On Sunday, July 12 at 3:30pm in Meredith Hall 101 (1316 28th Street), we will screen the digital stories created by our campers at our 2026 Interfaith Youth Leadership Camp. A brief reception will follow.
Below please find information about this year’s camp:
This year (July 8-12) marks the 10th consecutive year of the interfaith youth leadership camp that we program in partnership with the Des Moines Area Religious Council. Campers at the camp learn about religious traditions and interfaith leadership, visit places of worship throughout the metro area, and create digital stories about personal faith experiences (that are screened for the public the last day of the camp). Through generous funding from Drake and DMARC, we provide housing (in the dorms at Drake), food (through Drake’s food service and the places of worship we visit), and a $250 “scholarship.”
Below, you can find a short “teaser” video from past camps and flyers for this year’s camp.
On Thursday, October 15 at 6:00 pm in Aliber 101 (2847 University Ave), Dr. Jill DeTemple, Professor and Altshuler Distinguished Teaching Professor at Southern Methodist University, will lecture on “Capabilities: What International Economic Development Models Explain about Health, Wealth, Religion, and Community in the Early 21st Century United States.”
Is the United States healthy? Is it wealthy? How do we know? This lecture employs approaches used to measure well-being in “developing” nations to explore the relationship between health, wealth, flourishing, and community in religious and economic contexts. While Max Weber, Karl Marx, and Robert Putnam worried about the instrumentalized, rationalized place of religion or its absence in capitalist systems, economists, philosophers, and practitioners of international economic development proposed integrated models of economic advancement that framed prosperity in terms of flourishing, community, and capabilities often tied to religious ideals. What might this mean for the contemporary United States when religious, financial, and social systems are struggling in the face of political polarization, globalization, and demographic and environmental change?
Dr. Jill DeTemple is Professor and Altshuler Distinguished Teaching Professor in the Department of Religious Studies at Southern Methodist University. She received her B. A. in Asian Studies from Bowdoin College, her M. T. S. in Christianity and Culture from Harvard Divinity School, and her Ph.D. in Religion and Culture from the University of North Carolina at Chapel Hill. Her research interests include faith-based economic development, Latin American religions, Pentecostalism, and the use of dialogue in classrooms to promote intellectual humility, conviction, civic engagement, and deep learning. She is the authoror co-author of three books, most recently The Dialogic Classroom: Revolutionary Listening for Curiosity, Engagement, and Deep Learning (Taylor & Francis, 2025), which focuses on a dialogic pedagogy that she hopes will help make college better for everyone.
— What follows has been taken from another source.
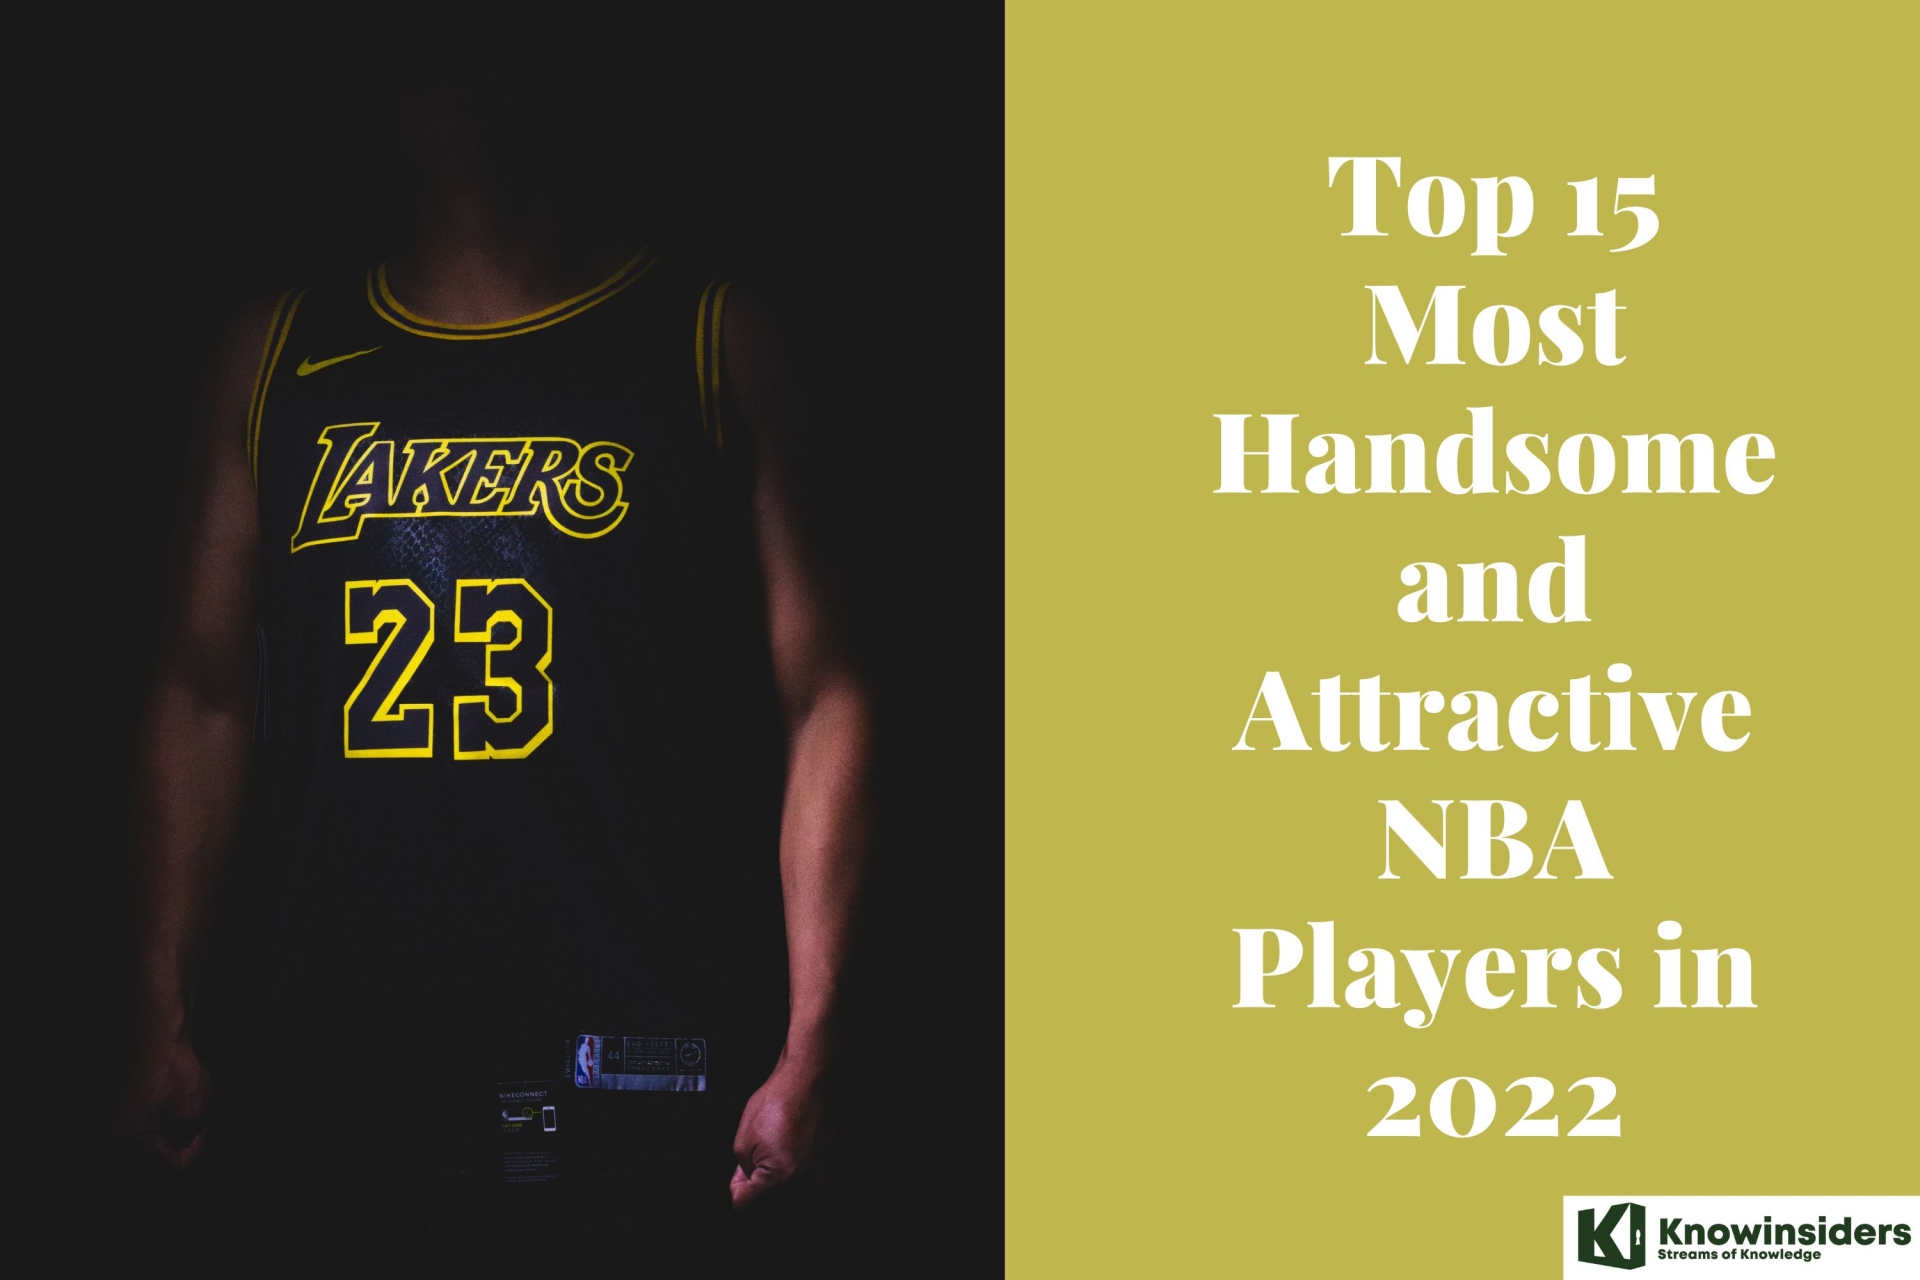 Top 15 Most Handsome and Attractive NBA Players in 2022

On Thursday, November 19 at 6:00 pm in Aliber 101 (2847 University Ave), Dr. Sudev Sheth, Senior Lecturer of International Studies at the Lauder Institute and the Wharton School and Senior Lecturer in the Department of History at the University of Pennsylvania, will lecture on “Who Owns Wealth? Gandhi’s Answer to Capitalism.”
Who owns wealth, and what responsibilities come with creating it? While modern debates about capitalism often focus on markets versus government, Gandhi offered a strikingly different perspective. He argued that wealth should not be viewed as absolute private property but as a trust held on behalf of society. Drawing on the stories of some of India’s most influential business families, this lecture explores Gandhi’s idea of “trusteeship” and how it shaped generations of entrepreneurs. It concludes by considering what Gandhi’s vision might contribute to contemporary debates about business, inequality, and corporate purpose.
Dr. Sudev Sheth is Senior Lecturer of International Studies at the Lauder Institute and the Wharton School, and Senior Lecturer in the Department of History at the University of Pennsylvania. His research explores the history of capitalism in India through the lives of merchants, entrepreneurs, and business families. Combining literary sources, archival manuscripts, and business records, he investigates how commerce has influenced culture, politics, and urban life. His current work traces merchant life in Ahmedabad across centuries while exploring the ways business gives form to cities and ideas. He is the author of Bankrolling Empire: Family Fortunes and Political Transformation in Mughal India(Cambridge University Press, 2024).
On Thursday, March 25, 2027 at 6:00 pm in Aliber 101 (2847 University Ave), Nimi Wariboko, Walter G. Muelder Professor of Social Ethics at Boston University, will lecture on “Global Dollar and War: Trump’s Resignification of America’s Empire.”
Dr. Nimi Wariboko is a public intellectual, poet, and scholar with multiple dimensions of competence: philosophical, economic, political, historical, literary, and theological. His scholarship is innovative, impactful, and prodigious. He is the Walter G. Muelder Professor of Social Ethics at Boston University School of Theology and Director of the African Studies Center at the Pardee School of Global Studies, Boston University. He is a transtylistic poet and a transdisciplinary scholar. Before his academic career began decades ago, he was an investment banker in Lagos and on Wall Street.